James Mylne uses only black ink when working in ballpoint pen. Regardless of the many ballpoint pen brands available, he is known to prefer the Bic "biro".
To add color, Mylne employs acrylics, gouache, spray paint and paint pens. The artist finds paint pens useful for filling larger areas of black. For background color, Mylne masks off the silhouette of a figure he'll be drawing, then applies flat fields of colour using spray paint. Mylne's Anti Con Art series shows ballpoint-penned characters interacting with others painted in acrylic or gouache. To achieve this trick Mylne will simply paint around previously penned areas or leave those intended areas blank while painting, then ink them afterward.
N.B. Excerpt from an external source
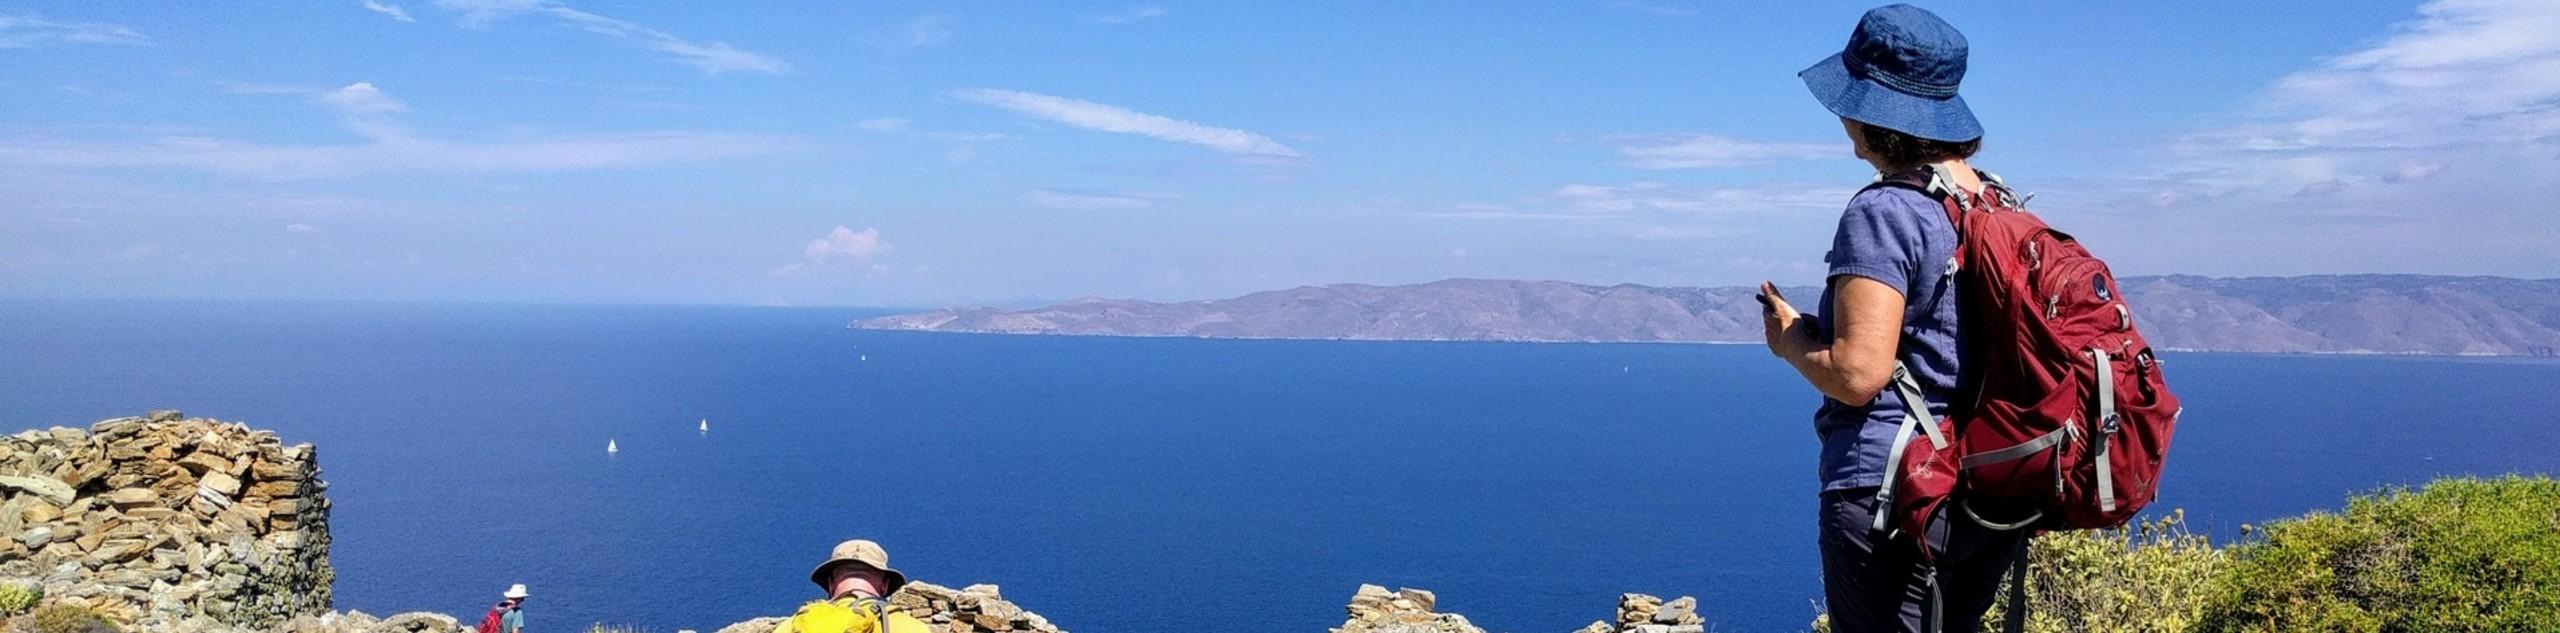 Cyclades Islands Sailing Adventure

Mylne admits to being "passionate about detail", adding that ballpoints allow for great detail and subtle halftones "if you know how to use them". Halftone effects are achieved by controlled spacing of parallel ballpoint lines while referencing his source material.
During a live show-and-tell appearance on Britain's Blue Peter television program, Mylne explained that he works "very slowly", using pencil for preliminary outlines. He begins with what he perceives to be "the most difficult bit" — a person's eyes, for example — "because that's the most important bit to get right". Mylne has admitted to having to start over after making a mistake.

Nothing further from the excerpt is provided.